FONTE: Ministero della Salute

PROGRAMMA COMUNITARIO COORDINATO DI CONTROLLO PLURIENNALE DESTINATO A GARANTIRE IL RISPETTO DEI LIMITI MASSIMI E VALUTARE L’ESPOSIZIONE DEI CONSUMATORI AI RESIDUI DI ANTIPARASSITARI SU E NEI PRODOTTI ALIMENTARI DI ORIGINE VEGETALE E ANIMALE


riferimenti normativi
(Articolo 29 del regolamento 396/2005; Regolamento UE 595/2015 e smi)

Macroarea: ALIMENTI
Settore: Sicurezza e Nutrizione
Tipologia dell'attività: 2 - Piani specifici comunitari con programmazione centrale.

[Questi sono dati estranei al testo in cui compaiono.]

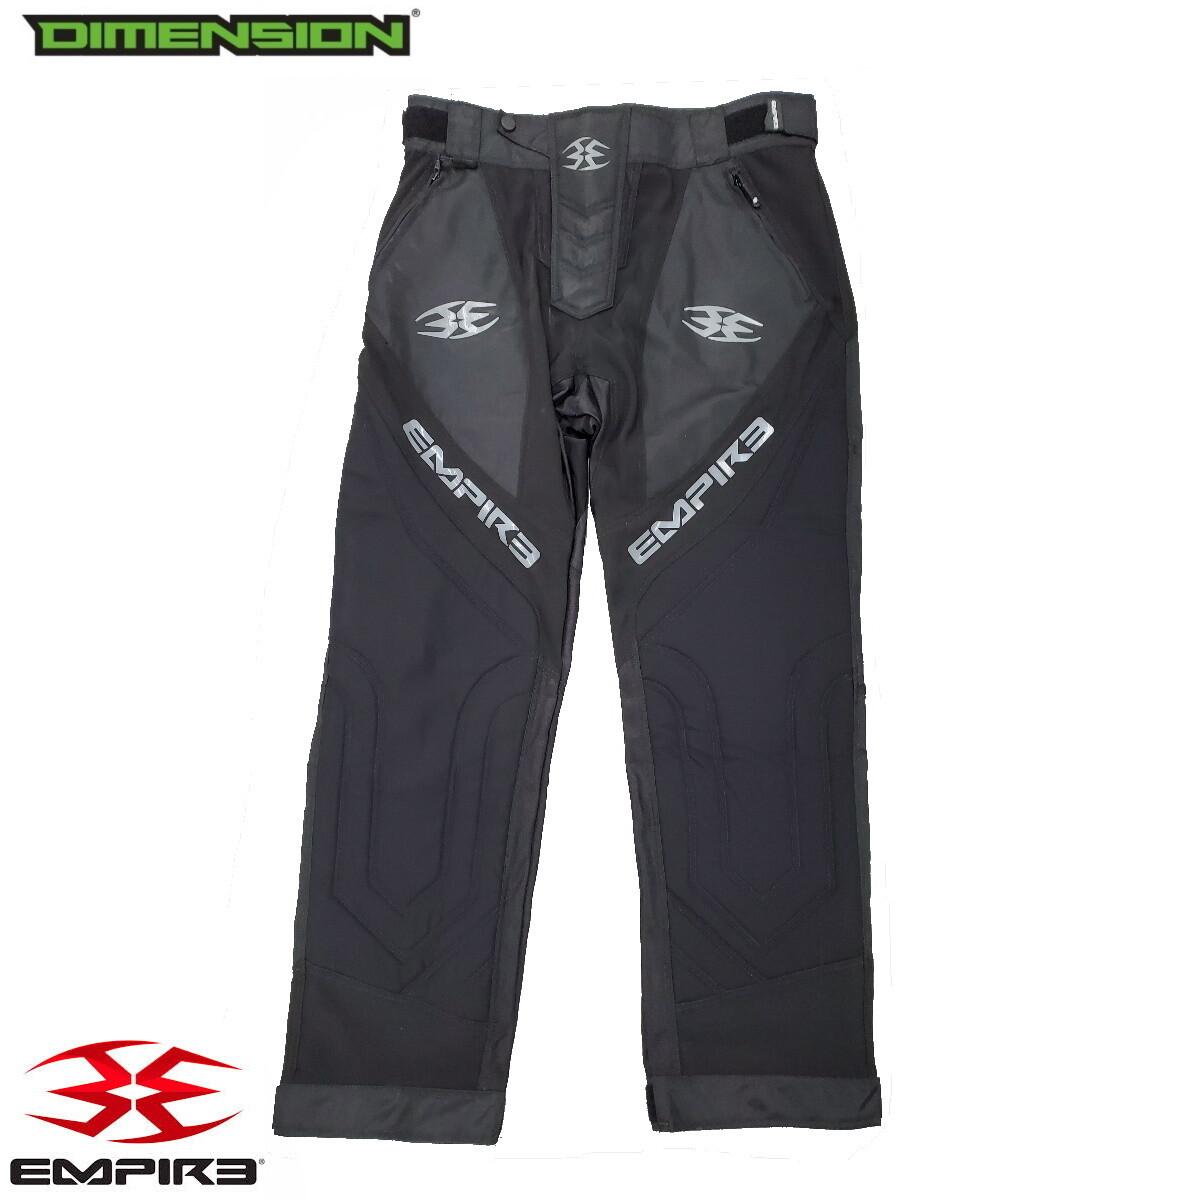 Empire Pants - Black - Large

Ai sensi dell’ Articolo 29 del regolamento 396/2005 ogni anno la Commissione Europea elabora un programma comunitario coordinato di controllo pluriennale che tiene conto dei problemi riscontrati in relazione al rispetto dei Limiti Massimi di Residui (LMR) stabiliti nel regolamento stesso, allo scopo di valutare l'esposizione dei consumatori e l'applicazione dell'attuale legislazione. Il regolamento individua 10 tipologie di alimenti di origine vegetale e 2 di origine animale, prevede anche il campionamento di baby food e di alimenti di origine biologica. Le tipologie di alimenti variano al variare dell’anno. Sono inoltre indicati gli analiti, la metodologia di campionamento e il numero di campioni che devono essere prelevati sul mercato europeo. I campioni sono inseriti nei programmi nazionali di controllo. L’ultimo regolamento comunitario in vigore per il 2016 è il regolamento UE 595/2015. L’Italia ogni anno dà indirizzo alle regioni attraverso note ministeriali e ripartisce i campionamenti tra le regioni/province autonome sulla base dei dati di produzione.


AC Centrale:

Ministero della Salute - DGSAN - Ufficio 7

Ruoli:

Indirizzo e pianificazione delle attività di controllo

 

AC Regionali:

Assessorati alla Sanita’ delle Regioni e delle Province autonome di Trento e Bolzano

Ruoli:

Gestione e indirizzo a livello regionale delle attività di controllo

 

AC Locali:

Aziende Sanitarie Locali

Ruoli:

Programmazione ed esecuzione dei controlli

 

Laboratori:

Agenzie regionali per la protezione ambientale
Istituti zooprofilattici sperimentali
Laboratori di Sanità pubblica

Ruoli:

Esecuzione delle analisi dei residui di prodotti fitosanitari in alimenti di origine vegetale e di origine animale, trasformati e non trasformati presenti sul mercato.

 


Categorizzazione degli eventuali rischi e modalità di applicazione delle categorie di rischio

Il regolamento comunitario fissa gli analiti e gli alimenti che devono essere campionati.
Gli alimenti riportati nel regolamento comunitario sono i principali componenti della dieta europea e variano ogni anno.
I dati di monitoraggio vengono utilizzati dall’EFSA per la valutazione dell’esposizione dei consumatori.

 

Frequenza (o criteri per stabilire frequenza)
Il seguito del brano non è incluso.